──────── Supplied data ────────

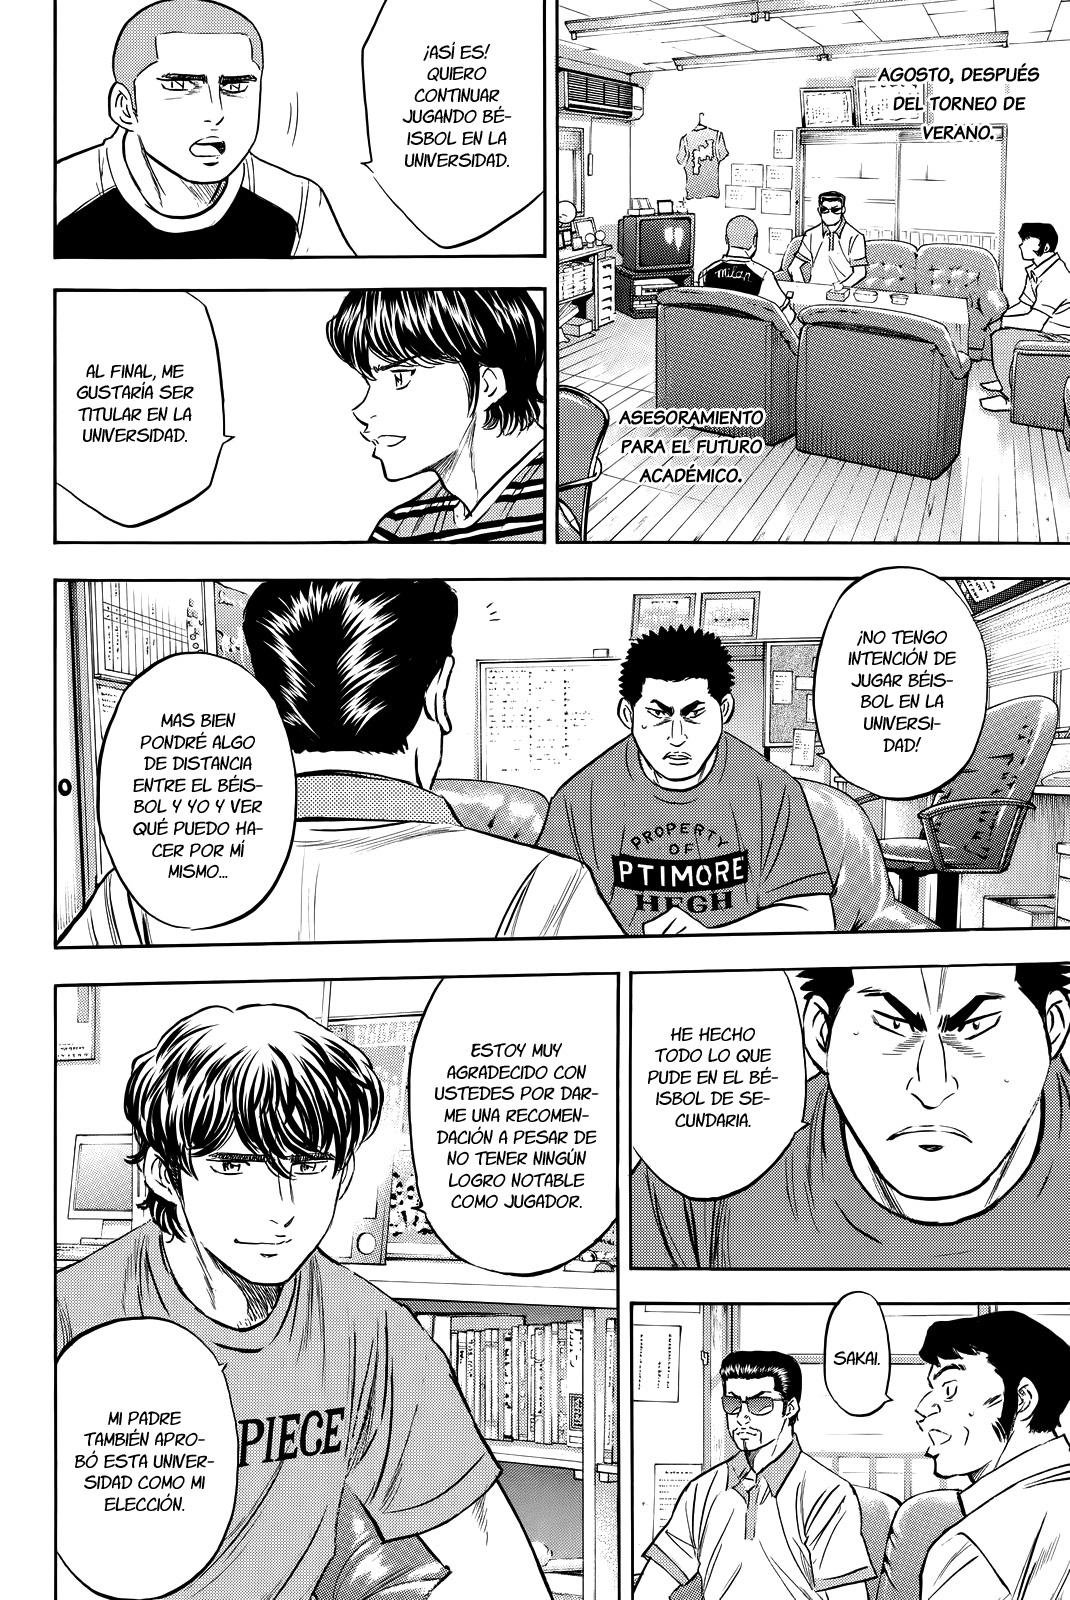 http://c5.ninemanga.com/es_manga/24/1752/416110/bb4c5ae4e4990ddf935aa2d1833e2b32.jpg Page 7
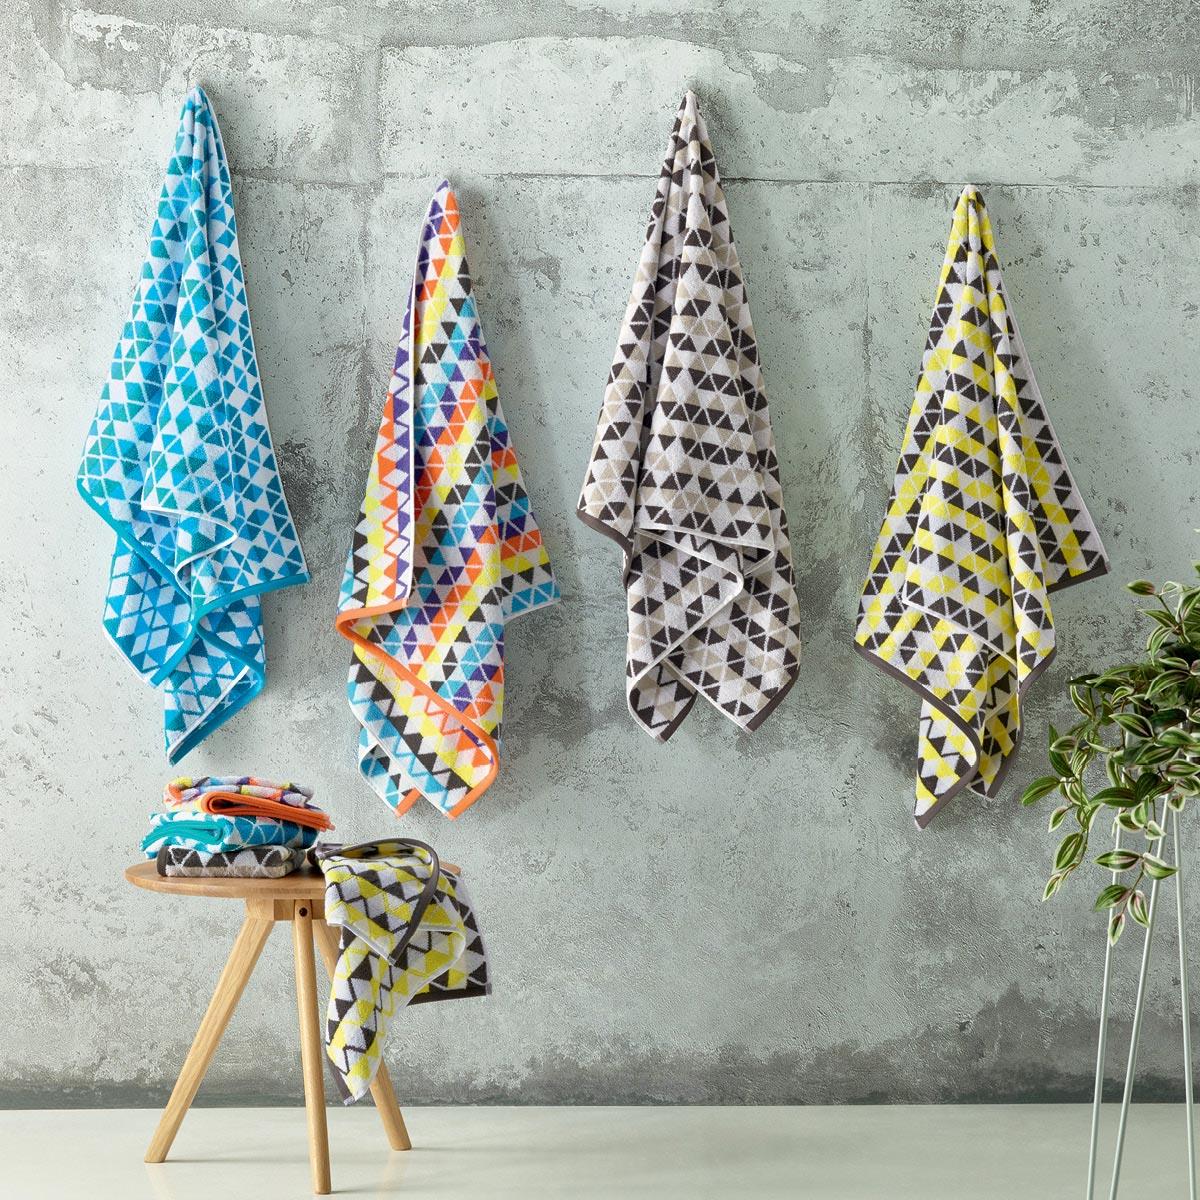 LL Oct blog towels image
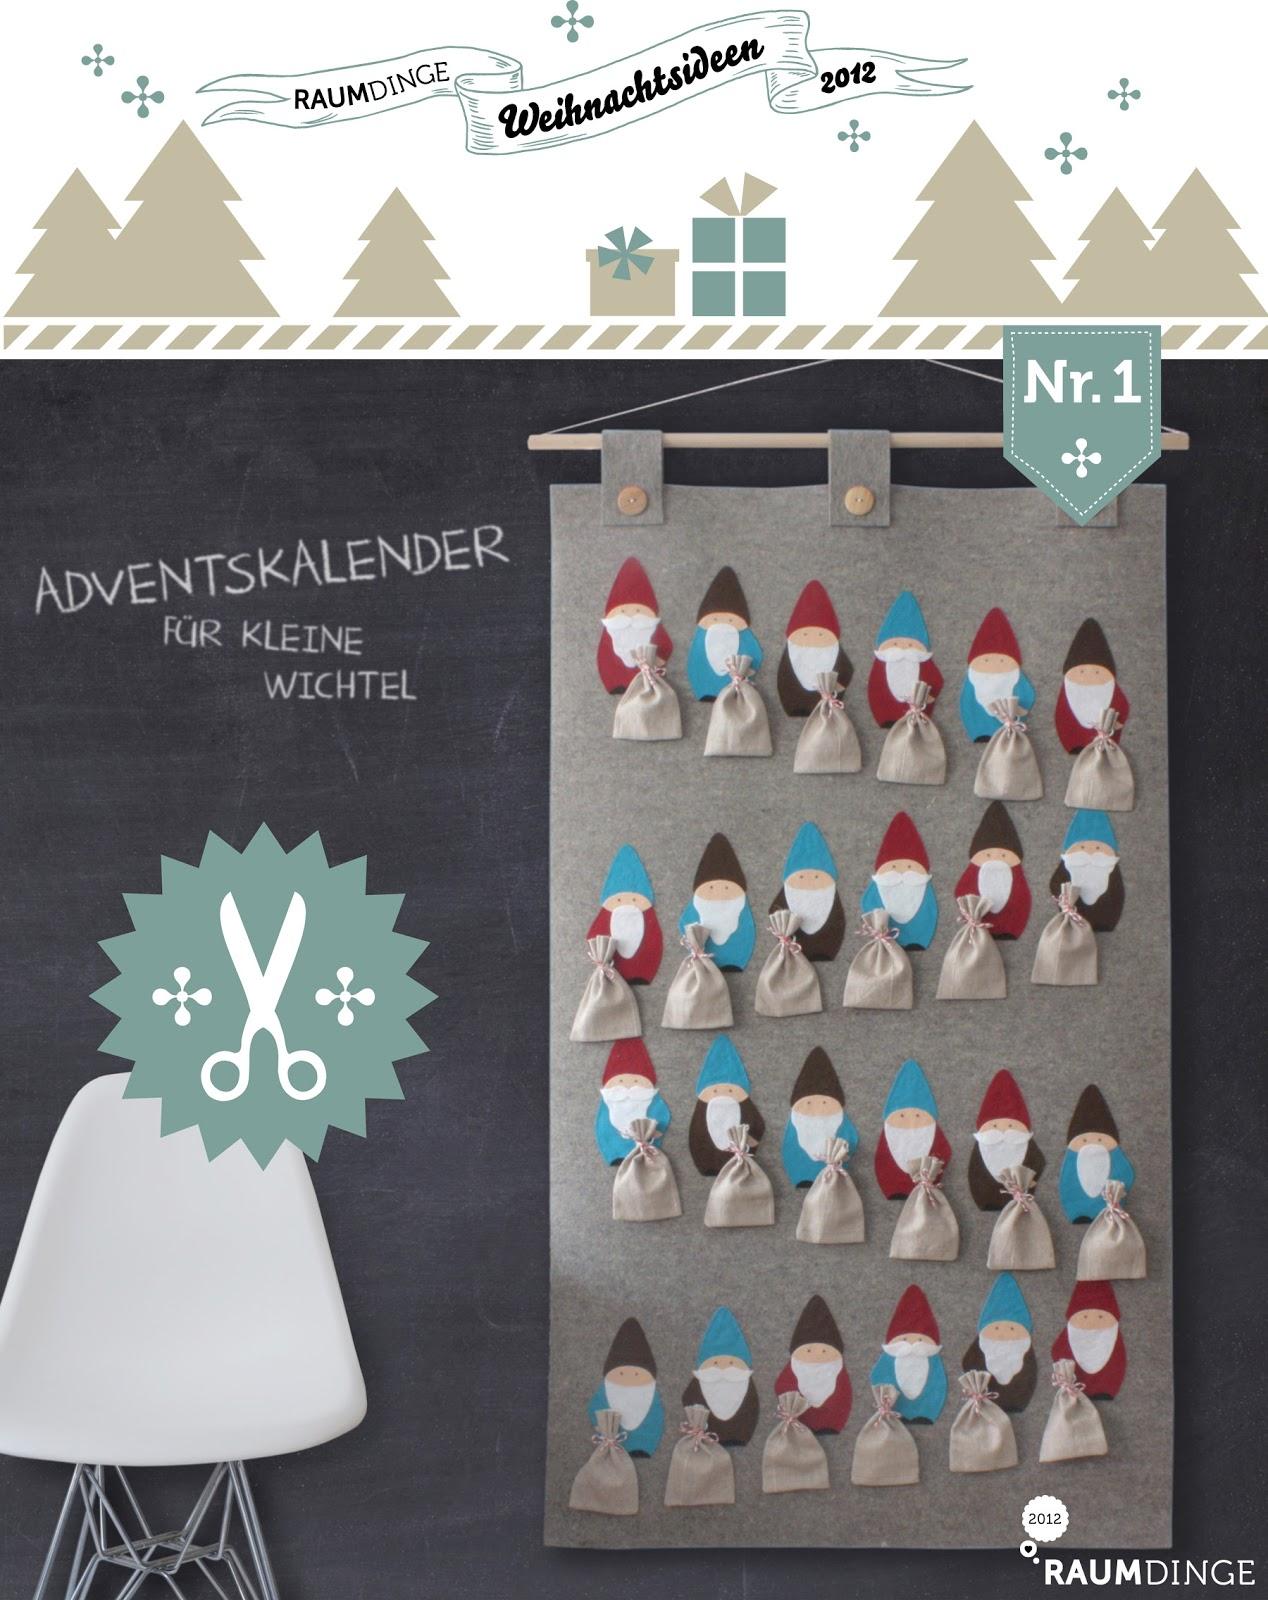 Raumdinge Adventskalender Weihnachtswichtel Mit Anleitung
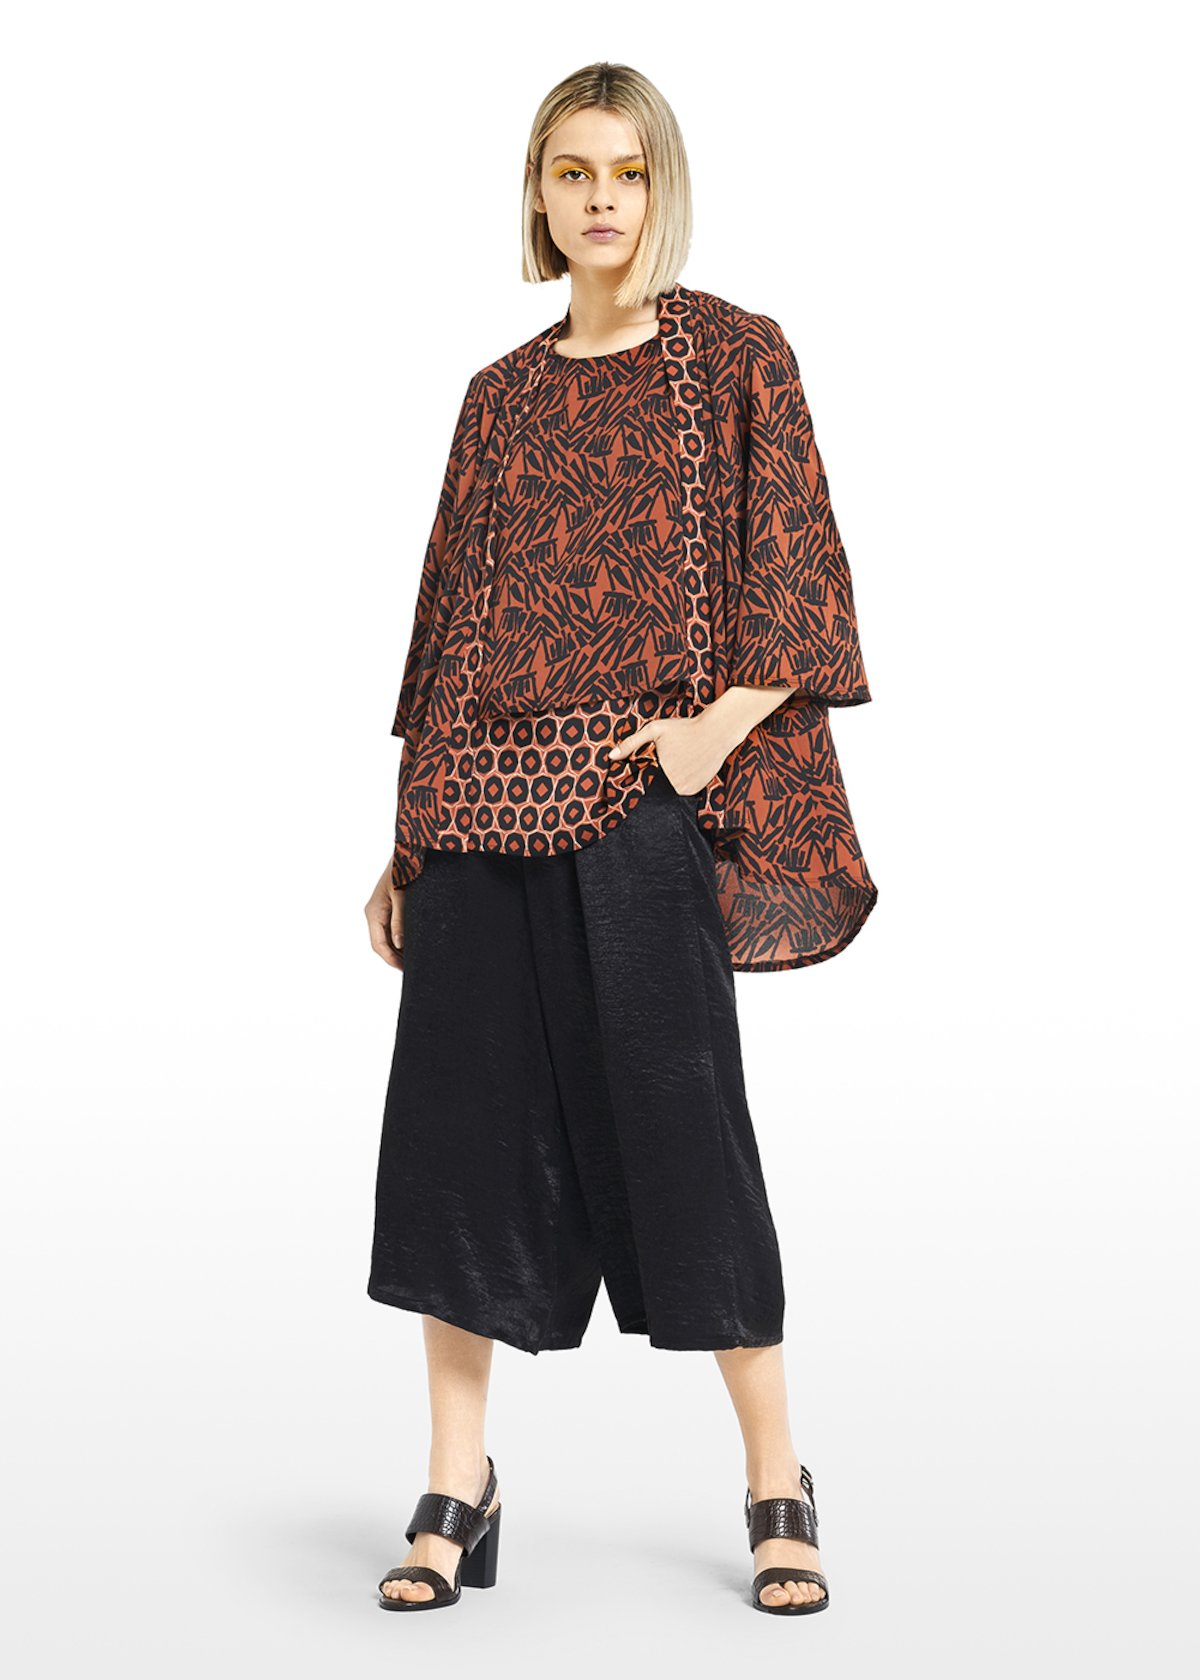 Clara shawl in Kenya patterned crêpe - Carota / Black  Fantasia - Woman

────────

• [What to do]
Take the line that holds "Raumdinge Adventskalender Weihnachtswichtel" as the start and the last line of the data as the end. Copy only those lines exactly, both ends included, except the pictures.

• [Reply to the task]
 Raumdinge Adventskalender Weihnachtswichtel Mit Anleitung
 Clara shawl in Kenya patterned crêpe - Carota / Black  Fantasia - Woman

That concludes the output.